Vaccination has been touted by many as the key to bringing down closed borders and resuming international movement.

RELATED: Qantas resumes international bookings for July 2021

But in a Reuters panel discussion with health experts and tourism authorities on Monday, World Travel and Trade Council (WTTC) chief executive Gloria Guevara said she “disagree(d) with the approach from Qantas”.

“We should never require the vaccination to get a job or to travel,” she said.

“If you require the vaccination before travel, that takes us to discrimination.”

The WTTC, which accounts for about 10 per cent of travel jobs worldwide, has called for a global testing strategy to replace quarantines worldwide and unlock international travel.

The International Air Transport Association has also been calling for a global testing strategy to replace quarantines and restart travel as soon as possible, The Washington Post reports.

Qantas says it plans to make vaccination mandatory for international passengers. Picture: Christian Gilles /NCA NewsWire
Qantas says it plans to make vaccination mandatory for international passengers. Picture: Christian Gilles /NCA NewsWire

Health experts told the Reuters panel even though mass vaccination programs were underway in many countries, including the United States and United Kingdom, herd immunity was unlikely to be achieved in 2021.

“We won’t get back to normal quickly,” Dale Fisher, chairman of the World Health Organisation’s Outbreak Alert and Response Network, said.

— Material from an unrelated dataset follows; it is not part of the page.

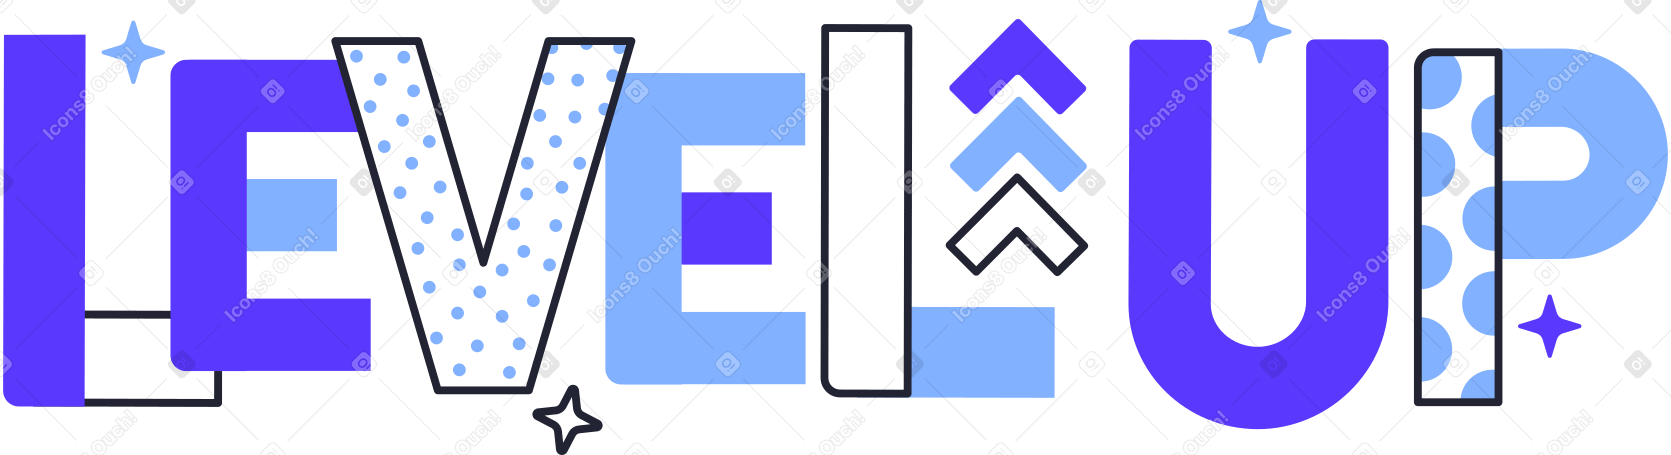 lettering level up Illustration in PNG, SVG

“We know we need to get to herd immunity and we need that in a majority of countries, so we are not going to see that in 2021. There might be some countries that might achieve it but even then that will not create ‘normal’ especially in terms of border controls.”

Meanwhile in Australia, experts have also cast doubt on whether the vaccine will suddenly unlock international travel as hoped.

Peter Collignon, a professor of infectious diseases at Australian National University’s Medical School, told the ABC while travel to places such as the UK was “not completely off the cards” in 2021, hotel quarantine would likely stick around.

An electronic information display board shows the ‘cancelled’ status of flights from London Heathrow as the world bans UK flights amid the spread of the new UK virus strain. Picture: Niklas Halle'n/AFP
An electronic information display board shows the ‘cancelled’ status of flights from London Heathrow as the world bans UK flights amid the spread of the new UK virus strain. Picture: Niklas Halle'n/AFP

He said that was because the vaccine was not 100 per cent effective.

“Look at London at the moment, one in 30 people have the virus and probably two in 100 coming back have it when they arrive in Australia,” he told News Breakfast on Tuesday.

“If you have a vaccine that is 90 per cent effective, you still have two in 1000 people who will come back with the virus, even if they’re vaccinated and go to those areas. That is the level of the virus we had in Melbourne in its height last winter when there was a lot of virus circulating around.

“While there is a lot of virus circulating in a lot of places overseas, if we go there and we are vaccinated, there is still a risk you can carry the virus when you come back and you will maybe be asymptomatic, so we will need restrictions on people coming back from high prevalence areas even if they are vaccinated, until we get more data.

“But the current information is you are still a risk.”